The electricity grid was hit very hard, as about 1.2 million customers lost power in the state, and Puget Sound Energy (PSE) reported that more than 75% of its circuits were damaged. Municipal utilities also suffered severe damage. In the Seattle area, hundreds of thousands of families still remained without power several days after the storm, and many had to leave their homes and move into hotels or emergency shelters coping with the inclement weather. Major employers in the area were affected; the power outage forced Microsoft to shut down large portions of its campus in Redmond on December 15.

The Seattle School District and many surrounding districts closed, marking the first time Seattle schools were closed for a weather-related reason other than snow.
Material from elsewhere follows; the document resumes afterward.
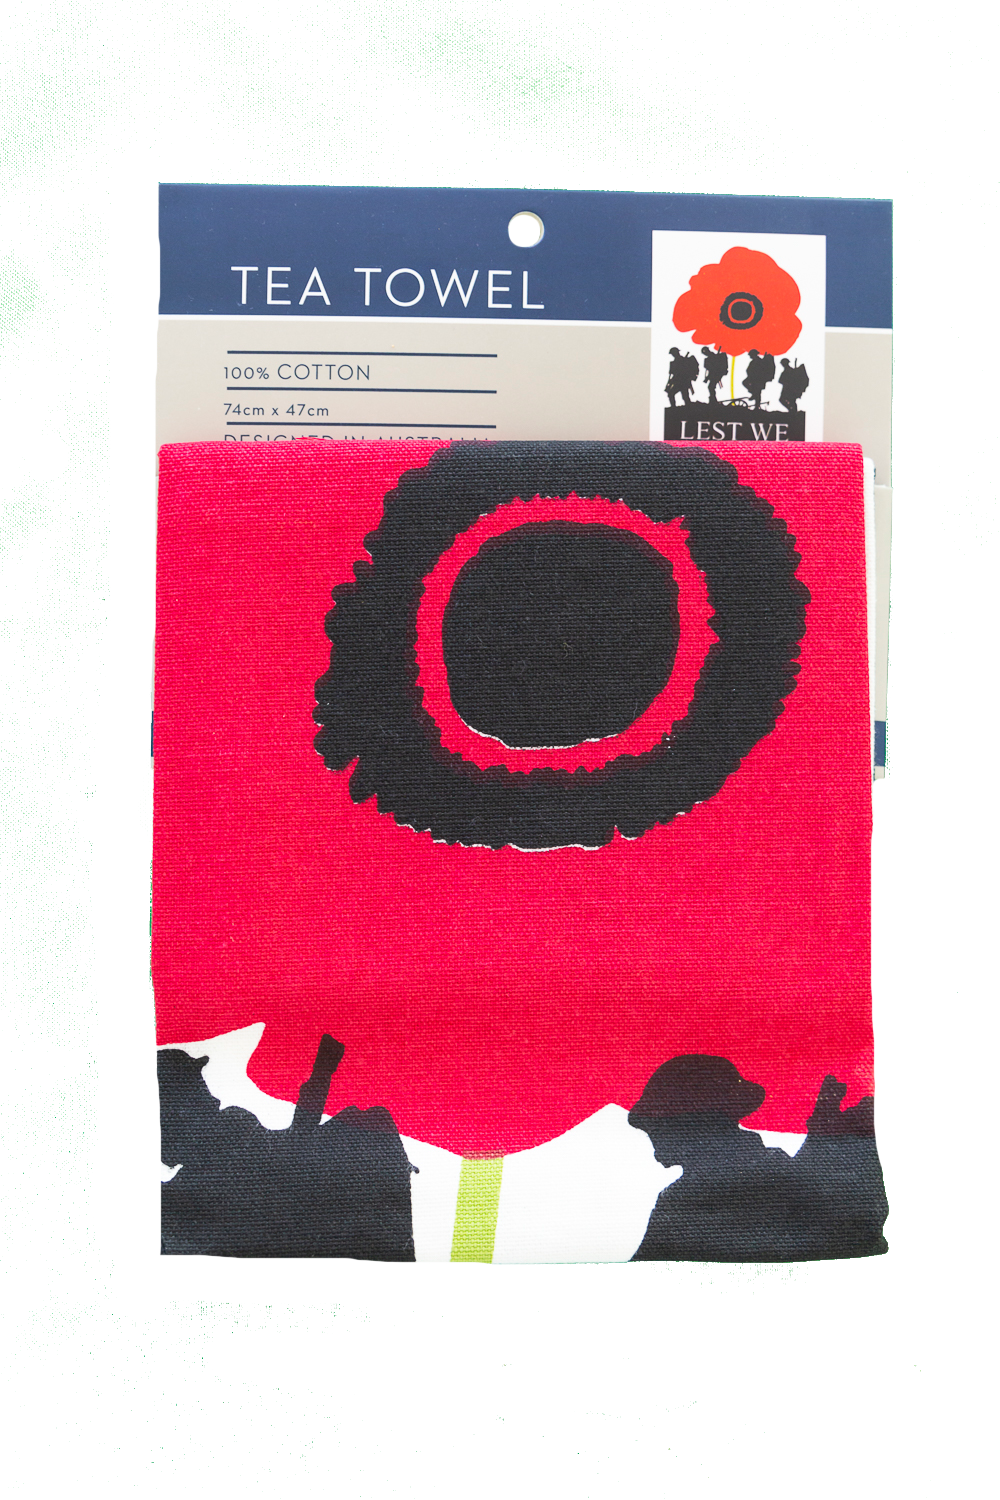 Tea Towel - Lest We Forget

It was described as the worst storm to hit the region since the Inauguration Day storm of January 20, 1993.

====Deaths====
Fourteen people were killed in Western Washington. One of them was 41-year-old voice actress Kate Fleming (aka Anna Fields) who was trapped in a flooded basement in Seattle's Madison Valley. In Grays Harbor County, Markus Stickles was killed by a tree that fell into his home in McCleary. In Gig Harbor, Washington, Pritchard Miller and his dog were electrocuted after stepping on a downed power line. In Pierce County, two motorists were hit by falling trees. Eatonville resident Harold Fox, 47, was killed while trying to avoid a fallen tree south of Spanaway. Near McKenna, 37-year-old Roy resident Bonnie Bacus died as the result of a tree falling onto the cab of a truck, in which she was a passenger; her husband, who was driving the truck, died three months later. Steven Thielen died in Spanaway as a result of a house fire caused by the use of candles for light.
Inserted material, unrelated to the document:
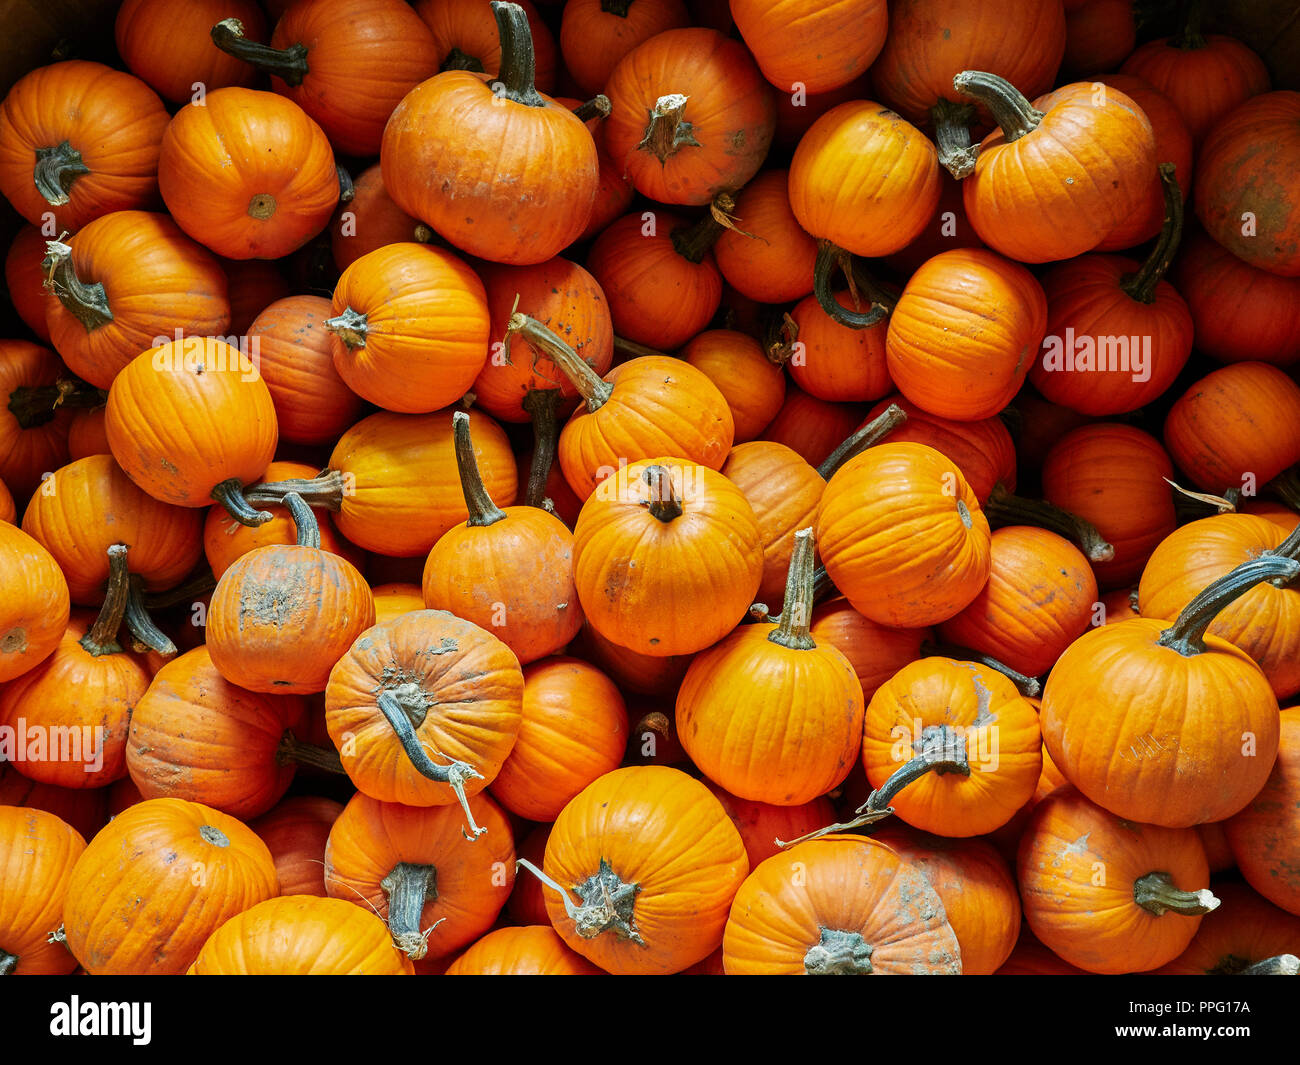 Kürbisse, frisch aus der Ernte, zeigen ihre orangene Herbst- oder Herbstfarbe in einem Stapel, der auf Peach Park Farms, Clanton Alabama, USA, zum Verkauf angeboten wird. Stockfoto

Eight deaths occurred as a result of carbon monoxide poisoning. Five of those were members of a single Burien family. Adam Butcher, his wife Jackie Harris, and two sons, Jason Shane Butcher, 14 and Raymond Zachary Butcher, 21, died of asphyxiation because of a generator running in a closed garage attached to their home. Another son, Rick Taylor Butcher, 24, died in a hospital on January 20, 2007, as a result of his injuries. Alejandro Nava-Solis of Kirkland, Juan Figueroa-Gomez of Renton, and Shah Fazli of Kenmore were also among the carbon monoxide deaths.

====Newspapers====
For the first time in 70 years, on December 15 the Seattle Post-Intelligencer was not able to publish copies of its newspaper. As a result of a power outage at a printing plant in Bothell, the Seattle Times was only able to publish 13,000 copies of its Friday edition.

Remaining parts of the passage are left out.